The ins and outs of auditing
The information system audit is growing in importance as organisations seek to assess the effectiveness of their IT systems
Auditing forms a vital part of good corporate governance, whether financial audit or otherwise, in helping an organisation to assure that its processes are designed and operating in line with policies and regulations, thus achieving its objectives.
For IT departments, the information system audit is growing in importance as a mean to assess the effectiveness of IT systems along with the relevant procedures in place for achieving and monitoring compliance against policies and regulations. Information system audits assess as well whether the executed controls’ design is sufficient to mitigate an intended risk or objective.
Information security body ISACA defines the term “auditing” as a systematic process by which a qualified, competent independent team or person objectively obtains and evaluates evidences regarding assertions about a process for the purpose of forming an opinion about and reporting the degree to which assertion is implemented.
The definition of an information system audit
According to ISACA’s definition, the information system audit, or IS audit, plays a key role in evaluating the controls surrounding the information systems and related resources, through collecting and evaluating evidences to determine the adequacy or lack of controls in safeguarding assets, maintaining data and system integrity and availability, providing relevant and reliable information, achieving organisational goals effectively, consuming resources efficiently and effectively, and to provide reasonable assurance that business, operational and control objectives will be met and that undesired events will be prevented or detected and corrected in a timely manner. Following this definition, IS controls can be translated from policies, procedures and practices, which are established by management to provide reasonable assurance that the objectives will be achieved.
Information system control areas
Controls related to IS audit can be broadly considered in four main areas. Each of these areas should be evaluated in order for the organisation to be confident that the IT environment, under audit, is operating in a secured manner. However, each audit assignment may vary in the depth of inspection for each. Those areas are as follows:
IT governance: The objective of this control is to gain an overall impression on the controls surrounding the information systems within the environment in order to provide assurance of leadership, organisational structure and processes existence. A set of areas should be taken into account while auditing this control such as information security framework and structure, IT strategy, organisational structure, policies and procedures; including information security policies, IT contracting strategies, IT control monitoring, risk management plans and business continuity plans.

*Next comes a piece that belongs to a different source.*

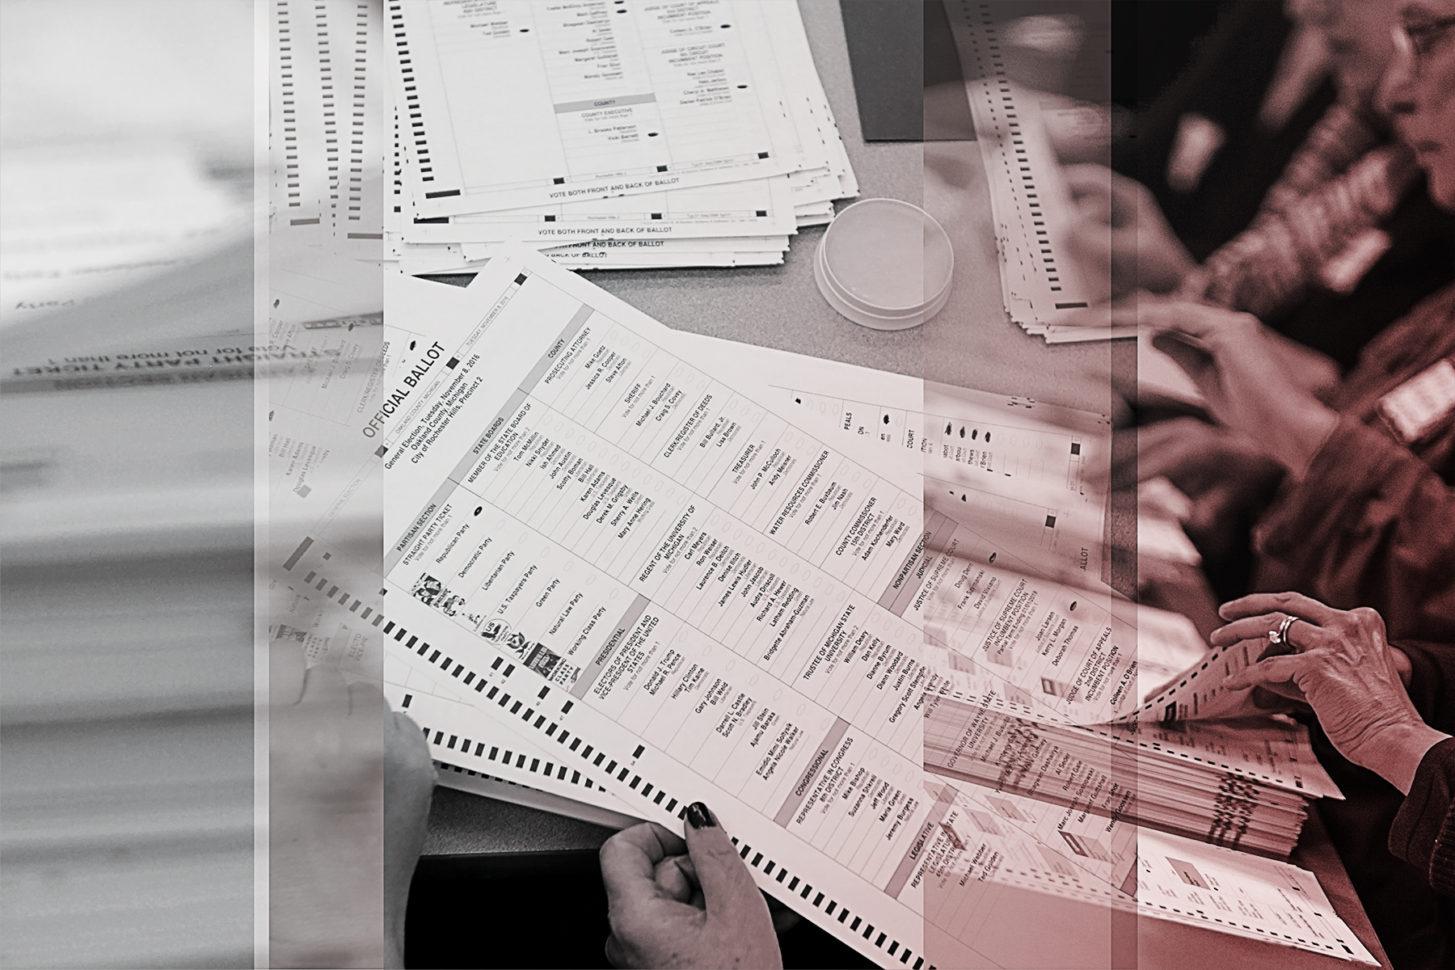 Ballot Counting Spreadsheet Regarding Inside The Recount  The New Republic

Change management: The objective of this control is to provide an appropriate degree of assurance over the changes implemented on the information systems. Change management processes and policies, project management practices, acquisition policies, help desk support, incident handling, system development practices, release management and problem management should be addressed to ensure that the control is effective. It should be noted that this control is not limited to software changes alone where it addresses hardware changes as well.

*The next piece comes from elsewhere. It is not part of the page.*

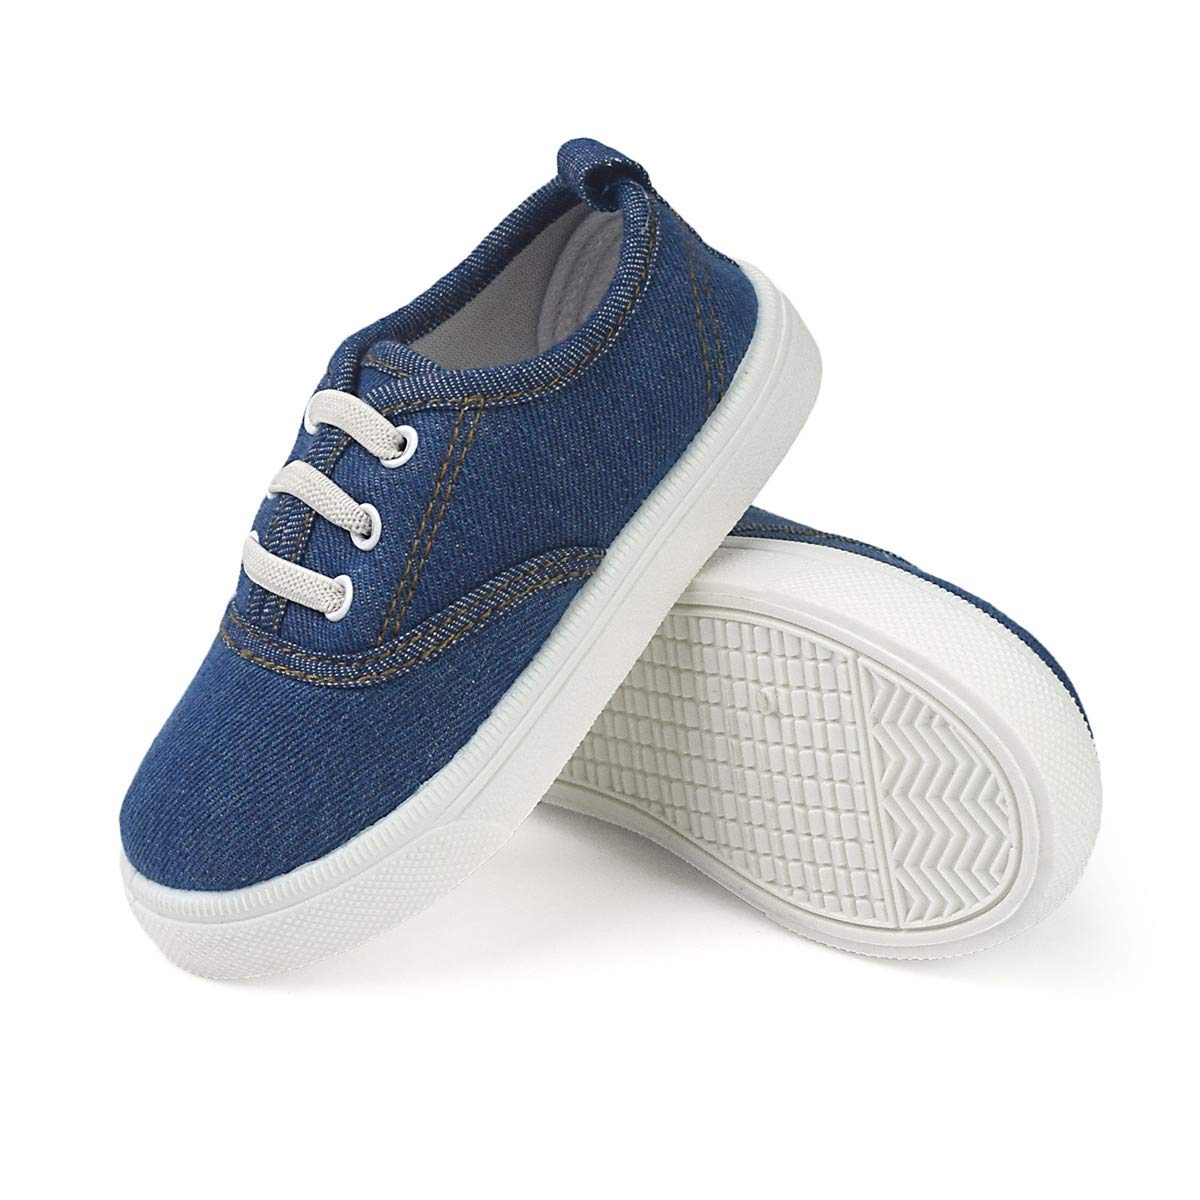 Toddler Canvas Sneaker Slip-On Soft Sole Little Kids Boys Girls Outdoor Tennis Walking Shoes

Access security: The objective of this control is to verify the key components which affect the confidentiality, integrity and availability of information systems. Areas such as design and monitoring of data classification, segregation of duties, security awareness programs, and user access management — including user registration and de-registration, user access provisioning, management of access rights, management of secret authentication information of users, review of user access rights, logging and monitoring, removal or adjustment of access rights and data center access — should be addressed to provide a sufficient degree of assurance on this control.